Under the Kyoto Protocol, the CDM allows buyers in developed countries to purchase credits (known as certified emission reductions or CERs) from emissions mitigation activities in developing countries.

The study highlighted that the transition of carbon credits remains the most contentious issue among the four facets of a possible CDM transition as a result of contrasting views among countries. On the one hand, some emerging economies, including India, favour the carry-over of credits to the Article 6.4 mechanism (a market mechanism for the trading of carbon credits under the Paris Agreement) to preserve the mitigation achievements of existing activities and retain private sector confidence in UNFCCC market mechanisms. On the other hand, some of the other countries oppose a CERs transition over concerns associated with the environmental integrity of future mitigation action.
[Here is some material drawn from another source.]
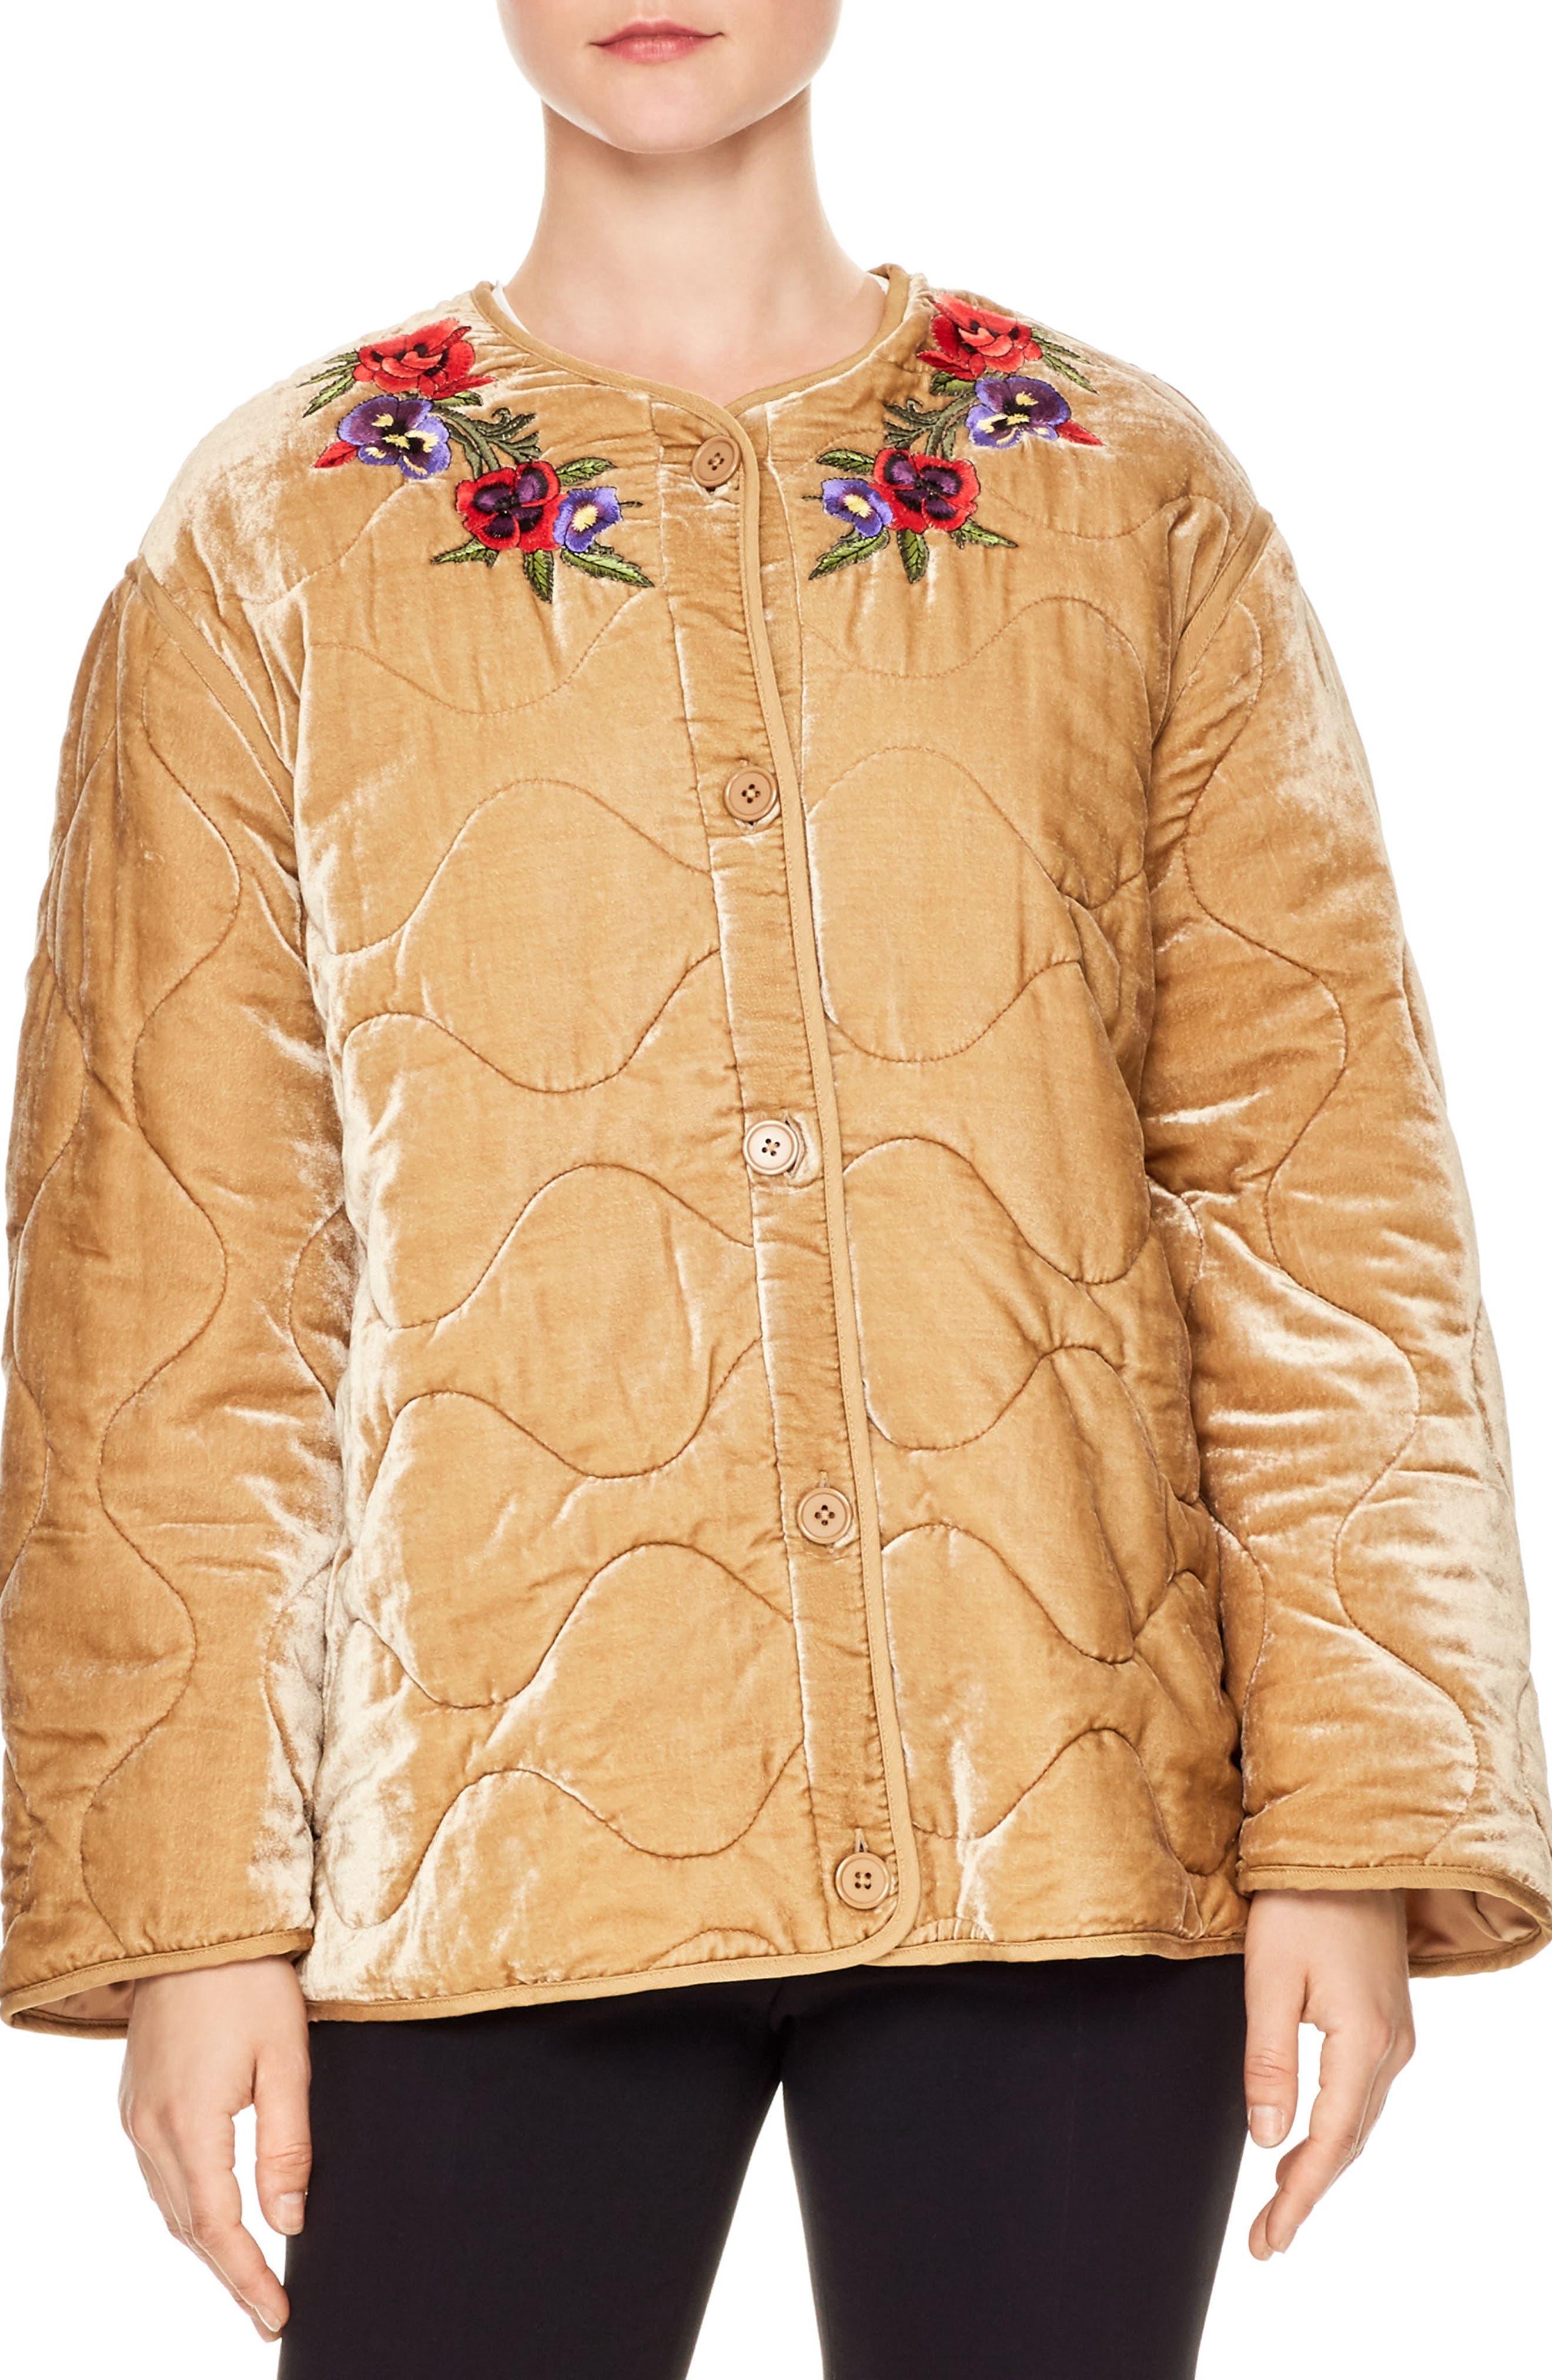 Reva Quilted Velvet Jacket,                             Main thumbnail 1, color,                             251

The CEEW-CEF study estimated unsold CERs including latent issuances to be 3.91 billion and USD 3 per CER to be a fair compensation price. The study also found that China accounted for 54% share of total carbon credits issued till date. It is closely followed by India (12%), South Korea (9%) and Brazil (8%). From a sectoral perspective, industrial gas reduction and renewables projects account for 44% and 32%, respectively, of cumulative CER issuances till date.

Arjun Dutt, Programme Lead, CEEW-CEF, and author of the study, said, "The IPCC’s Sixth Assessment Report clearly indicates that only prompt, accelerated, and large-scale decarbonisation can prevent global warming from exceeding 1.5 degrees. Parties must take decisive steps at COP26 to break the existing deadlock in negotiations and usher in a viable Article 6.4 mechanism which facilitates more ambitious mitigation action. Our proposal offers a solution that could not only appeal to parties on both sides of negotiations but would be a big win for the environment."

The CEEW-CEF proposal represents common ground where countries with diverging views could meet. This would also uphold the credibility of the UNFCCC market mechanisms and provide fresh impetus to post-2020 climate action. Costs may be further rationalised by a reverse auction for the discovery of compensation price instead of one set at a pre-determined value.

Gagan Sidhu, Director, CEEW-CEF said, “The world needs to focus on the challenges of the future rather than dwell on deadlocks stemming from the past. We should not let a USD 11.7 billion issue create an overhang that distracts us from debating more ambitious decarbonisation pathways. Our proposal in this study opens the door for a breakthrough."